However, political events were hastening forward.

And although Sutter was now a man to be reckoned with, to be listened to with respect, he was by no means sheltered from contingencies. Quite the contrary. Revolutions occurred one after the other. The struggle between opposing factions was fiercer than ever. Everyone wanted Sutter on their side, as much for his moral ascendancy as for his social position. Ultimately, each camp was counting on the contribution of the little army of New Helvetia. But Sutter never allowed himself to be drawn into these civil wars, and although, more than once, he saw his estates on the point of being invaded, his crops burned, his flocks scattered, his stores and granaries looted by yelling hordes who had just laid waste everything for hundreds of miles around, and who were excited by the sight of so much well-ordered wealth, he also knew how to extricate himself from these predicaments thanks to his profound knowledge of the human heart, acquired during his years of poverty in New York, and it was this which, in moments of crisis, sharpened his wits, his insight and his powers of argument. At such times, he was of a rare perspicacity, never put a foot wrong, schemed and manoeuvred, promised everything that was asked of him, audaciously bribed the leaders at precisely the right moment, sweetened men with brilliant arguments and with alcohol. As a last resort, he was prepared to have recourse to arms, but it was not so much a military victory that he desired (although force was on his side), as the safeguarding of his work, his labours, for he had no wish to see everything that he had just built up 
destroyed. And, in spite of everything, he was often on the brink of losing it all in a single day.

He kept in constant touch with the United States, and it was precisely from that direction, from the government in Washington, that he had most to fear.

As early as 1841, Captain Graham, at the head of forty-six English and American adventurers, had hoped, by a bold stroke, to seize power and proclaim the independence of California. But Alvarado had got wind of the affair; he surprised the conspirators, massacred more than half of them and threw the rest into prison. Immediately, London and Washington seized on the incident to claim compensation for the murder of their subjects. London demanded 20,000 dollars and the United States 129,200 dollars for fifteen riflemen. A British corvette lay in wait off Vera Cruz. The Mexicans were forced to submit.
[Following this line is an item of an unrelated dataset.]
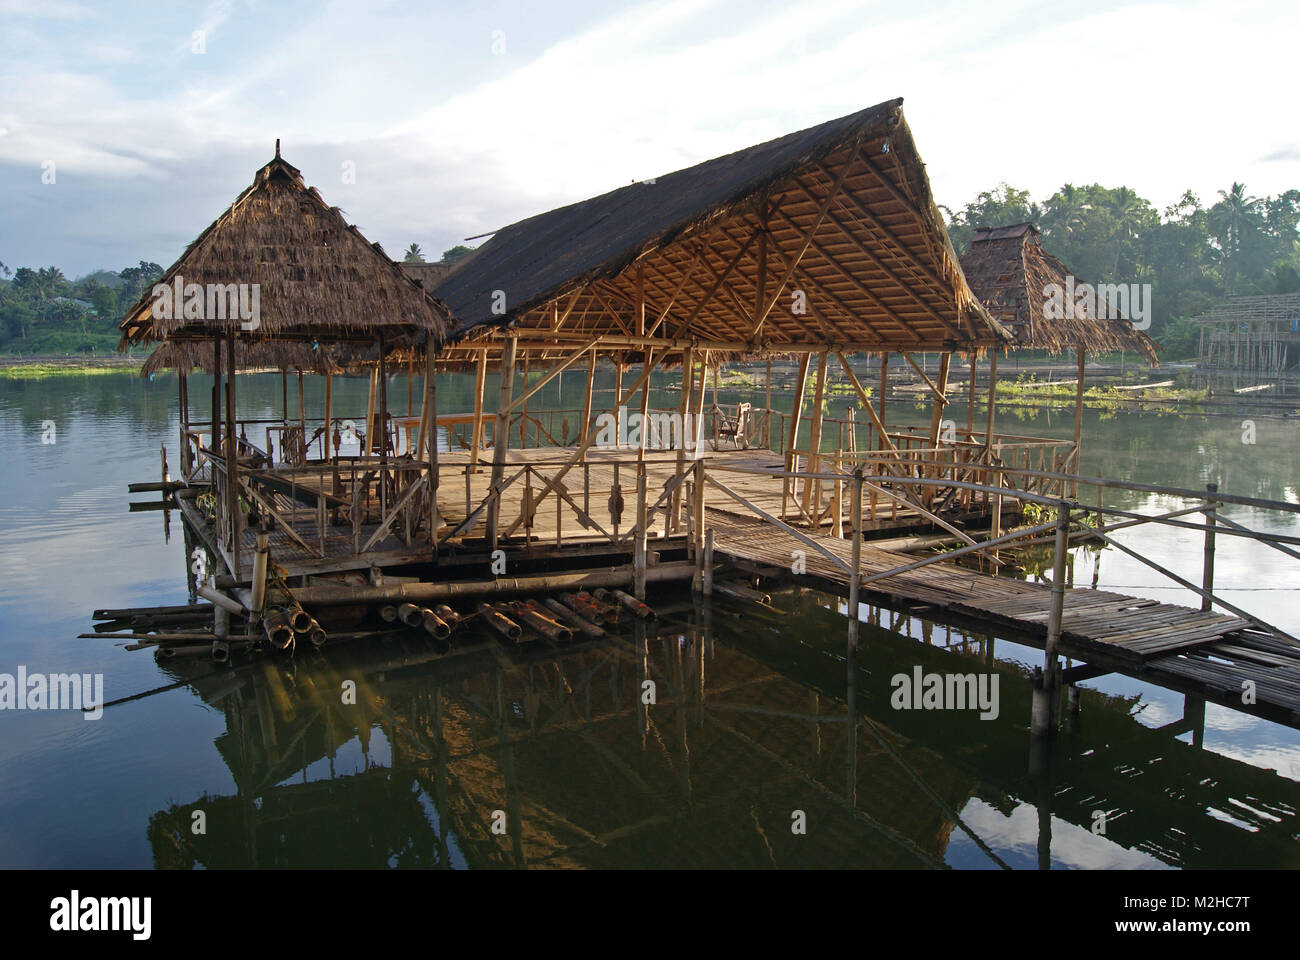 Floating Pavilion on Lake Sebu Stock Photo

In the spring of 1842, the revolt led by the Dominican monk, Gabriel, was put down in a blood-bath.

In October 1843, a band of more than a hundred Americans arrived from Santa Fe and Governor Alvarado, unpopular because of his despotic rule and in fear of new disturbances, asked Mexico for aid. Santa Anna, the President and dictator, sent three hundred galley-slaves by sea. He had promised them land, tools, cattle and the restoration of their civil rights if they could succeed in kicking out the Americans. At the same time, he appointed a new Governor of California, General Manuel Micheltorena. This general was an honest man, full of good intentions, but he could do nothing to uphold the Mexican domination, which was rapidly disintegrating. He chose to set up his quarters in the old Mission buildings of Santa Clara, Los Angeles. He frequently visited New Helvetia to take counsel, but 
Sutter, for his part, was preoccupied with the unyielding attacks of the savages, which were causing terrible slaughter.

Five more years pass, years of struggles, uprisings, riots and revolutions fomented primarily by the Cabinet in Washington, then comes the war with Mexico and the cession of Texas and California to the United States.
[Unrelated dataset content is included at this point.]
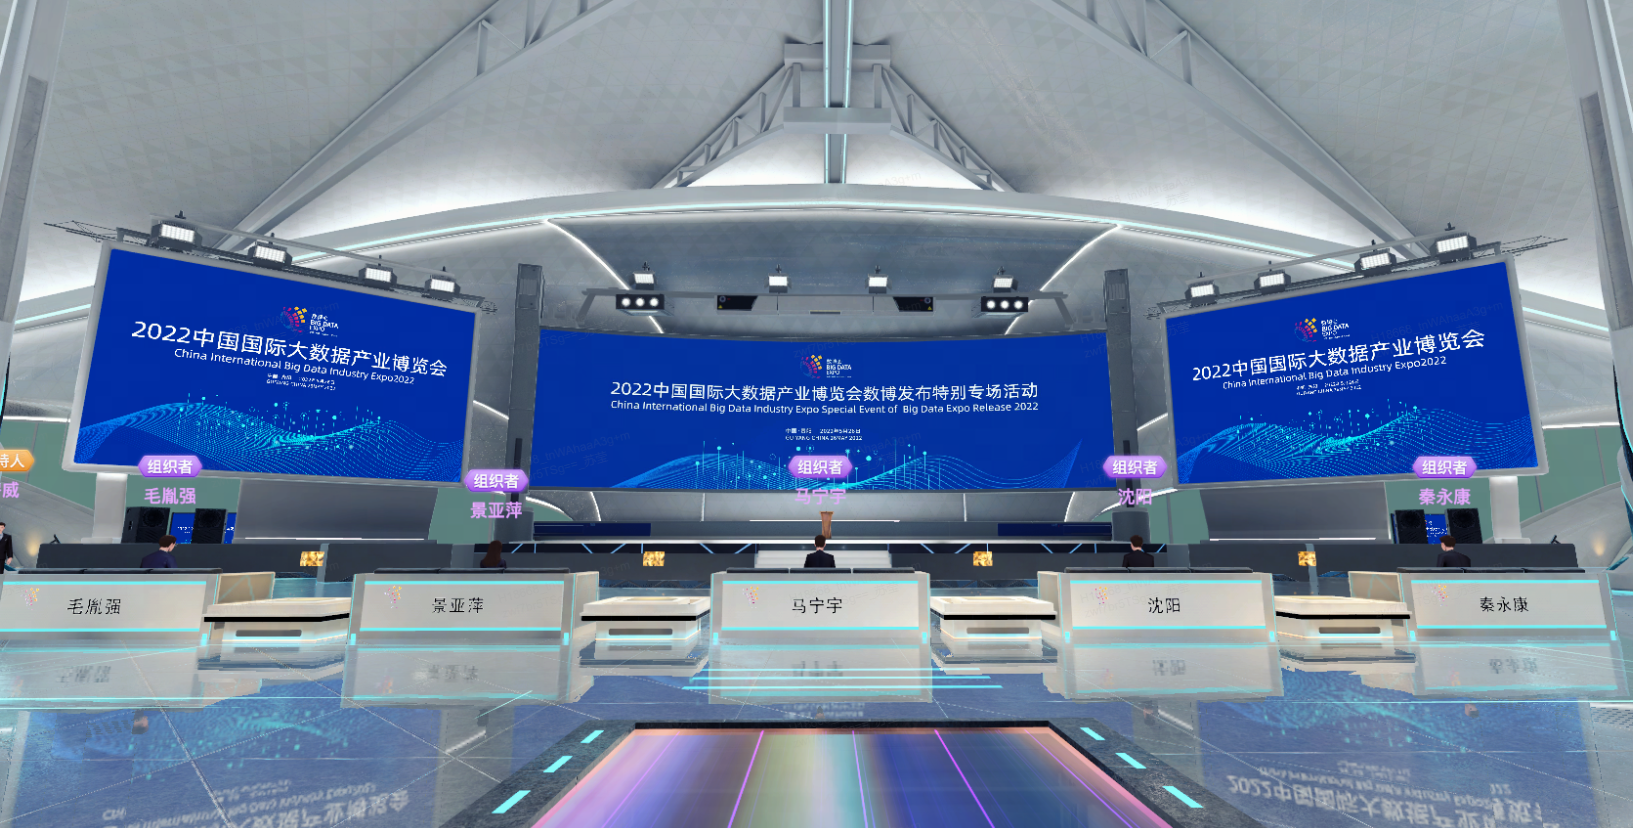 这是一个现代化的会议室内景，配有大型屏幕和讲台，显示着2022年的信息，座位整齐排列，科技感十足。

Sutter has obtained a further grant of twenty-two square leagues of land from the last Mexican Governor.

He owns the largest domain in the States.

26

Peace at last.

A new era commences.

John Augustus Sutter will at last be able to enjoy, and rejoice in, his wealth and good fortune.

New seeds arrive from Europe and saplings of every kind of fruit-tree. He acclimatizes olive and fig-trees on the lower, more sheltered ground; apple and pear-trees on the hills. He starts the first cotton plantations and, on the banks of the Sacramento, experiments with rice and indigo.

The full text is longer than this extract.